● **Task to carry out**
Restate every line of the data word for word, except for the images.

● **Provided material**
========

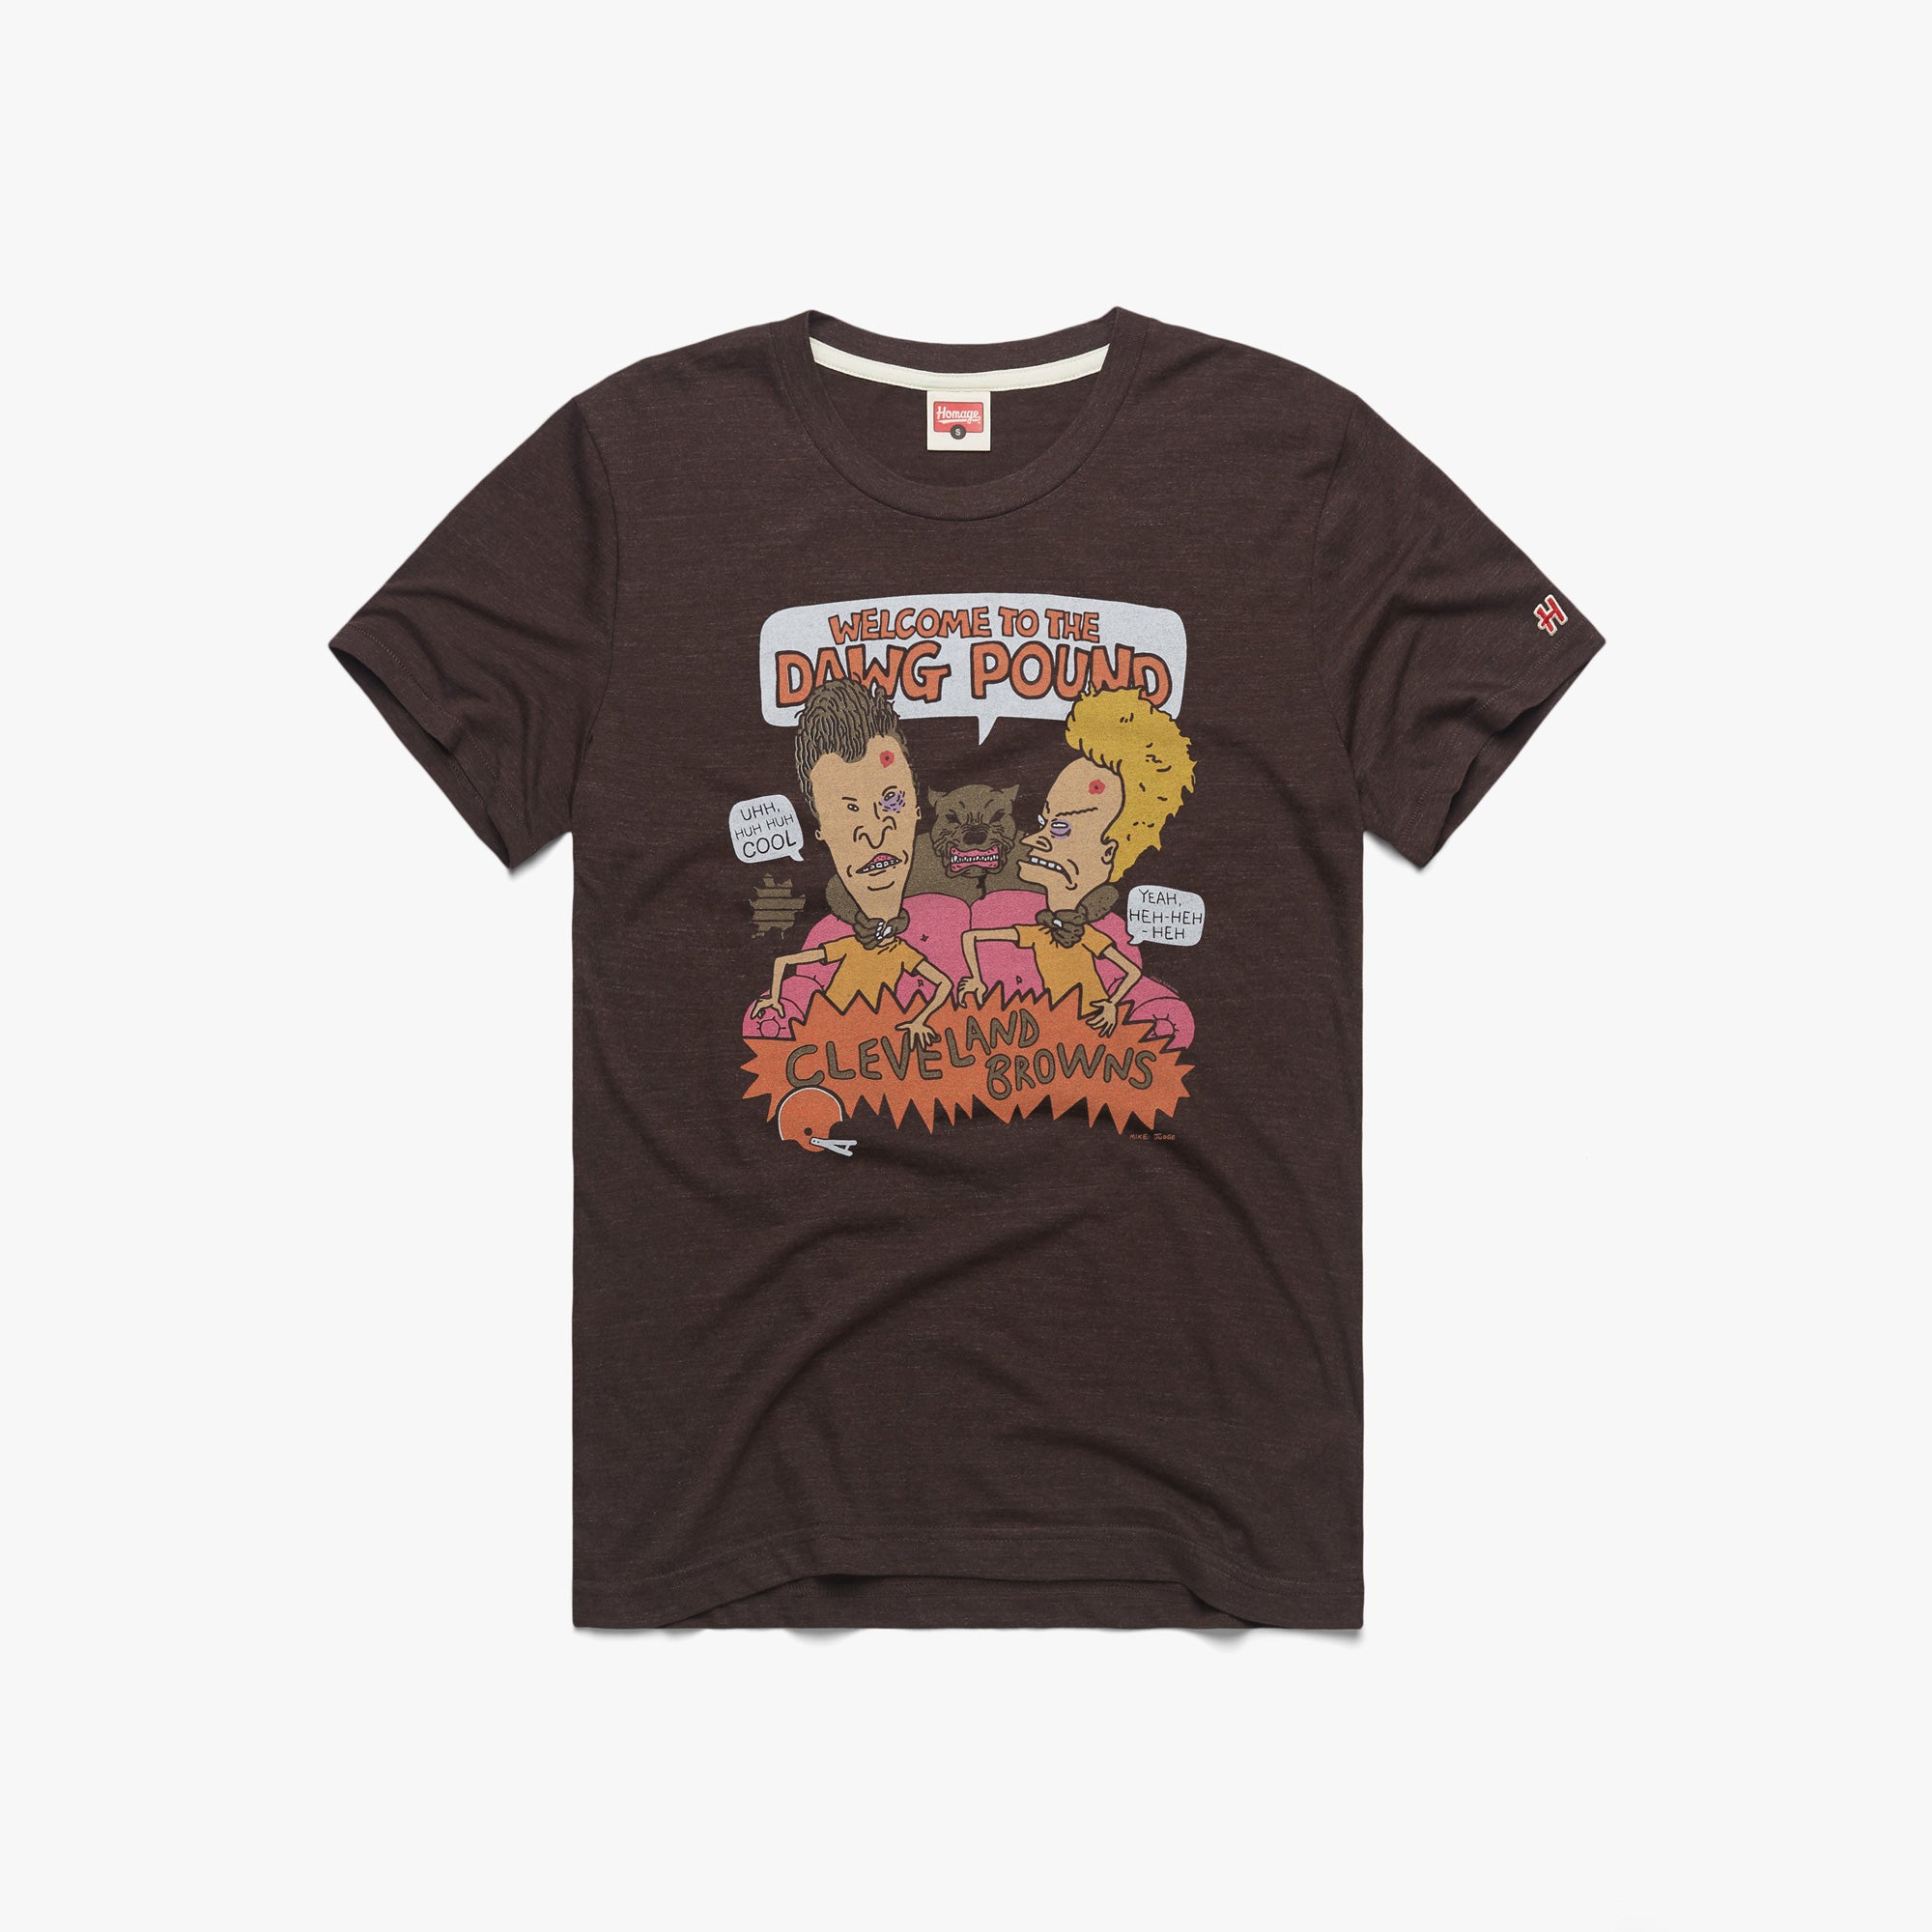 Beavis and Butthead x Cleveland Browns Dawg Pound T-Shirt from Homage. | Officially Licensed Vintage NFL Apparel from Homage Pro Shop.
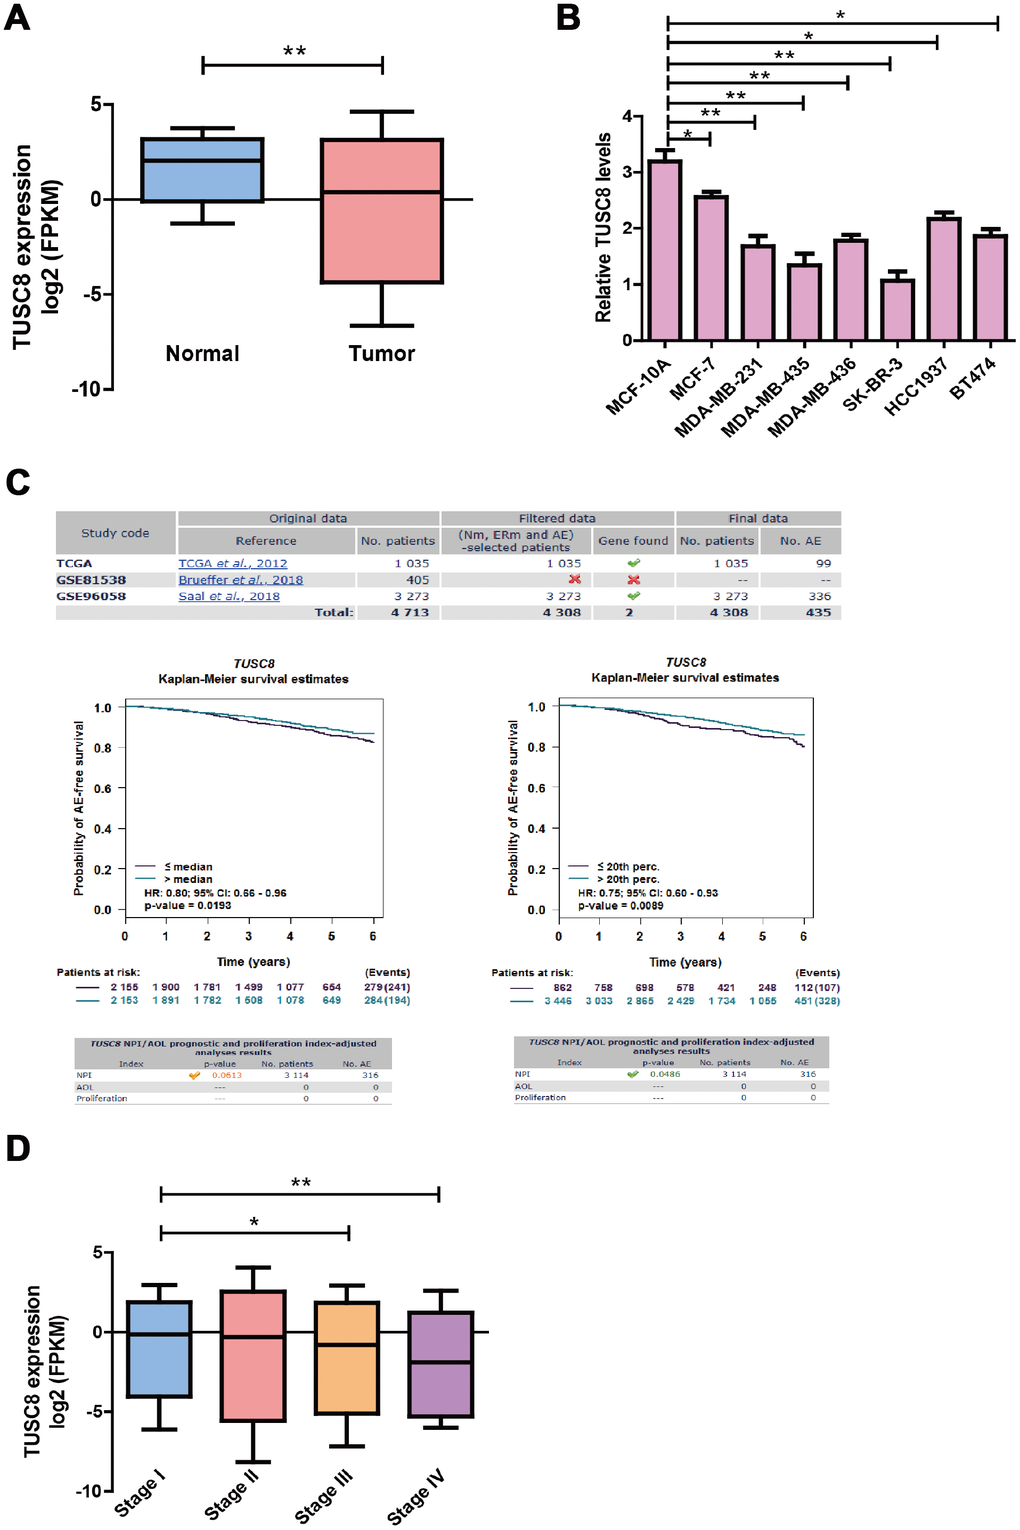 The TUSC8 is significantly down-regulated in breast cancer tissues and predicts better prognosis of breast cancer patients. (A) The down-regulation of TUSC8 expression in breast cancer samples (n=1104) compared with adjacent normal breast tissues (n=113) in TCGA database. (B) The TUSC8 expression levels were significantly down-regulated in multiple breast cancer cell lines compared with normal breast cancer cell line MCF-10A. (C) The survival curves of TUSC8 in breast cancer TCGA and GSE96058 dataset by using the median cut-off method and optimal cut-off method (20th percentage). (D) The expression levels of TUSC8 in different stages of breast cancer patients. The asterisks (*, **) indicate a significant difference (p p 
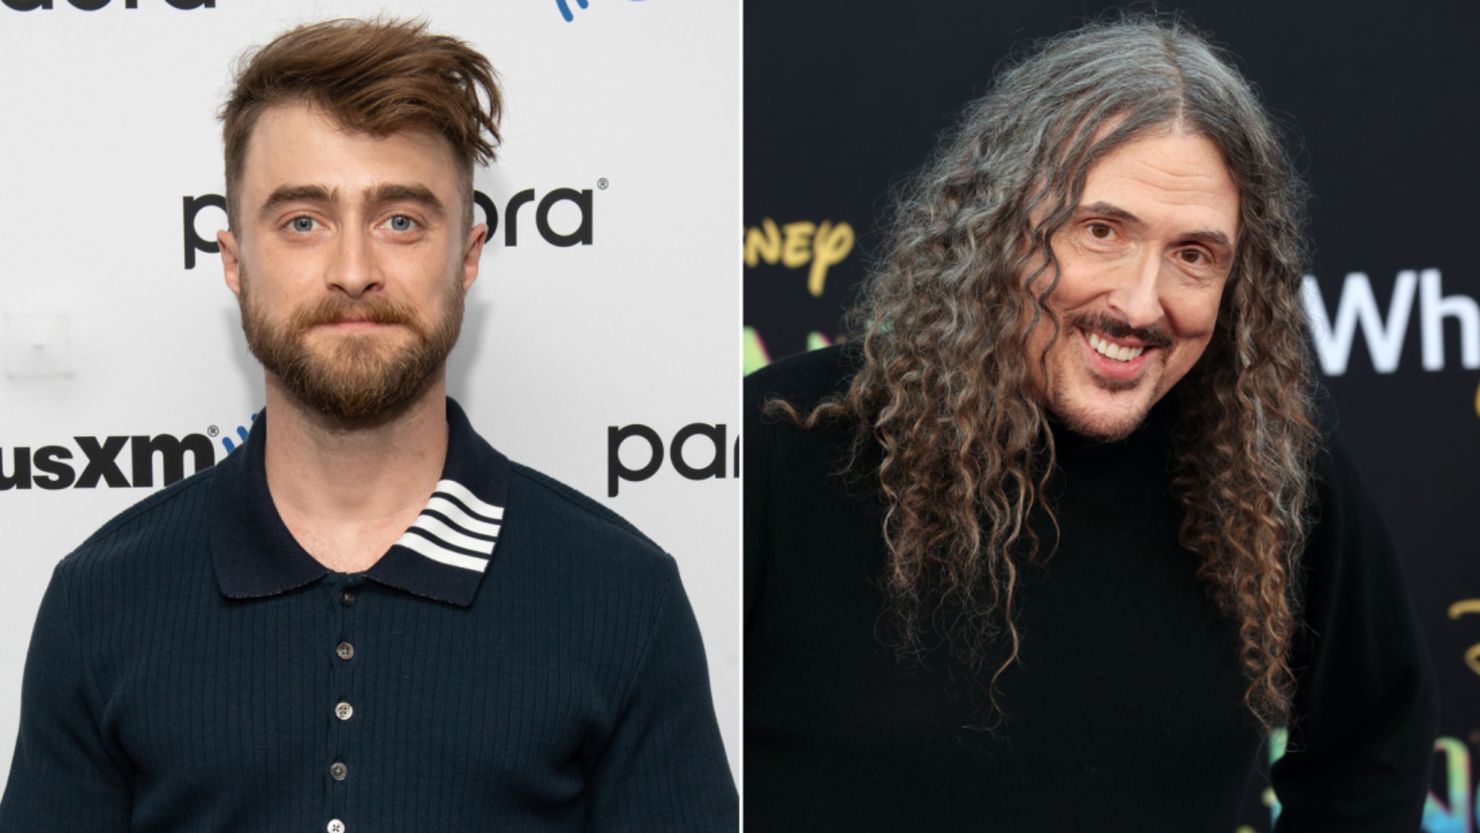 Daniel Radcliffe is going to work some magic in his next role -- playing 'Weird Al' Yankovic.

========

● **Exercise response**
 Beavis and Butthead x Cleveland Browns Dawg Pound T-Shirt from Homage. | Officially Licensed Vintage NFL Apparel from Homage Pro Shop.
 The TUSC8 is significantly down-regulated in breast cancer tissues and predicts better prognosis of breast cancer patients. (A) The down-regulation of TUSC8 expression in breast cancer samples (n=1104) compared with adjacent normal breast tissues (n=113) in TCGA database. (B) The TUSC8 expression levels were significantly down-regulated in multiple breast cancer cell lines compared with normal breast cancer cell line MCF-10A. (C) The survival curves of TUSC8 in breast cancer TCGA and GSE96058 dataset by using the median cut-off method and optimal cut-off method (20th percentage). (D) The expression levels of TUSC8 in different stages of breast cancer patients. The asterisks (*, **) indicate a significant difference (p p 
 Daniel Radcliffe is going to work some magic in his next role -- playing 'Weird Al' Yankovic.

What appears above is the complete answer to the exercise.